_Data_.
--*--
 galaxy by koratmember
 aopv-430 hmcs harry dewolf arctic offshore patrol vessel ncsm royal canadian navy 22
--*--
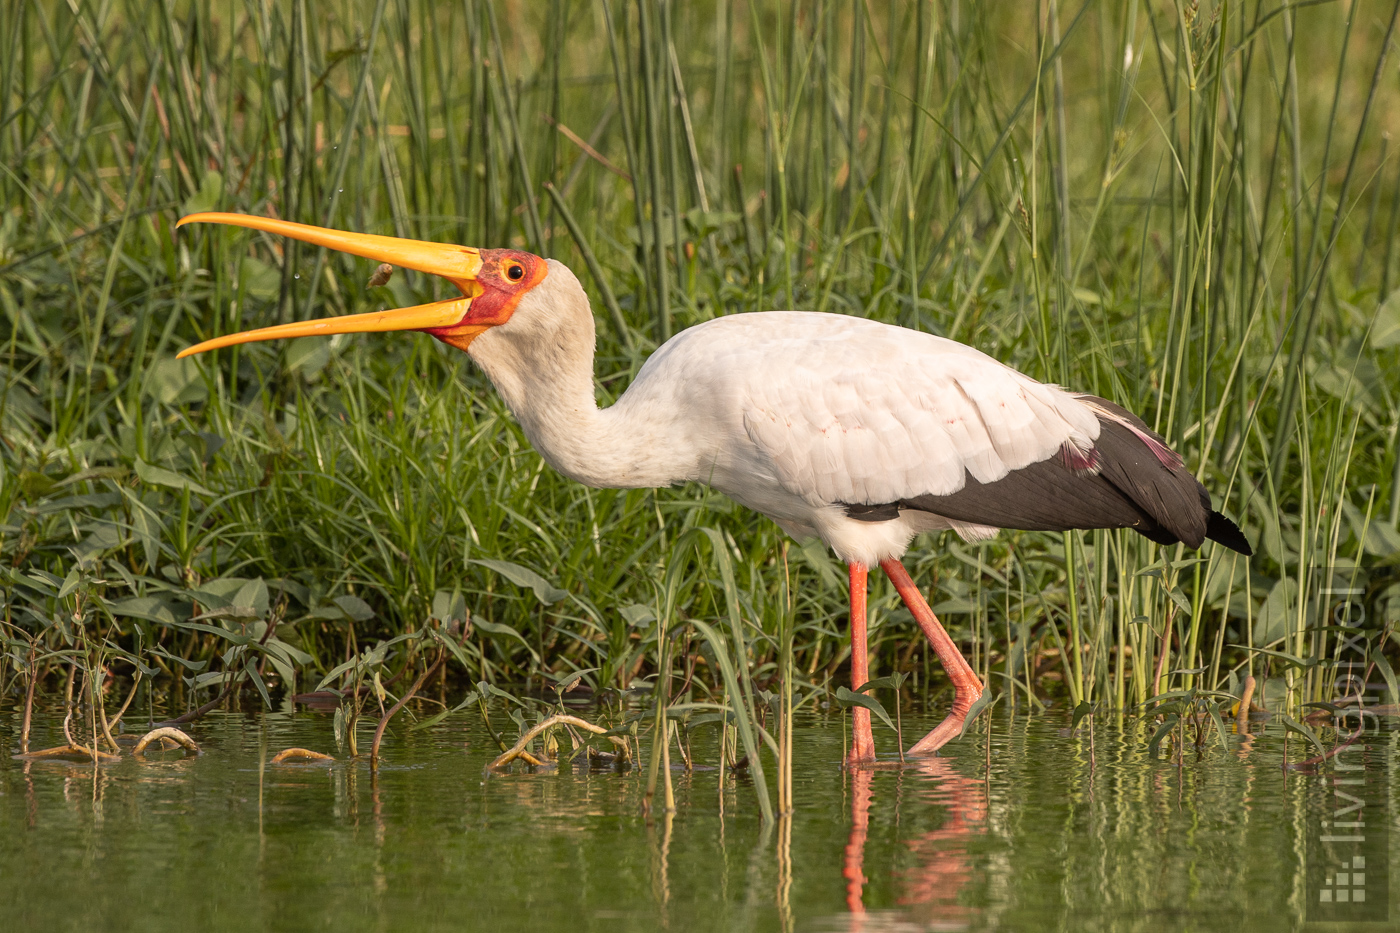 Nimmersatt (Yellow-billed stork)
--*--
_What this task involves_. Repeat the entries above verbatim, but only from the line that has "galaxy by koratmember" down to the line that has "aopv-430 hmcs harry", inclusive.

_Result_.
 galaxy by koratmember
 aopv-430 hmcs harry dewolf arctic offshore patrol vessel ncsm royal canadian navy 22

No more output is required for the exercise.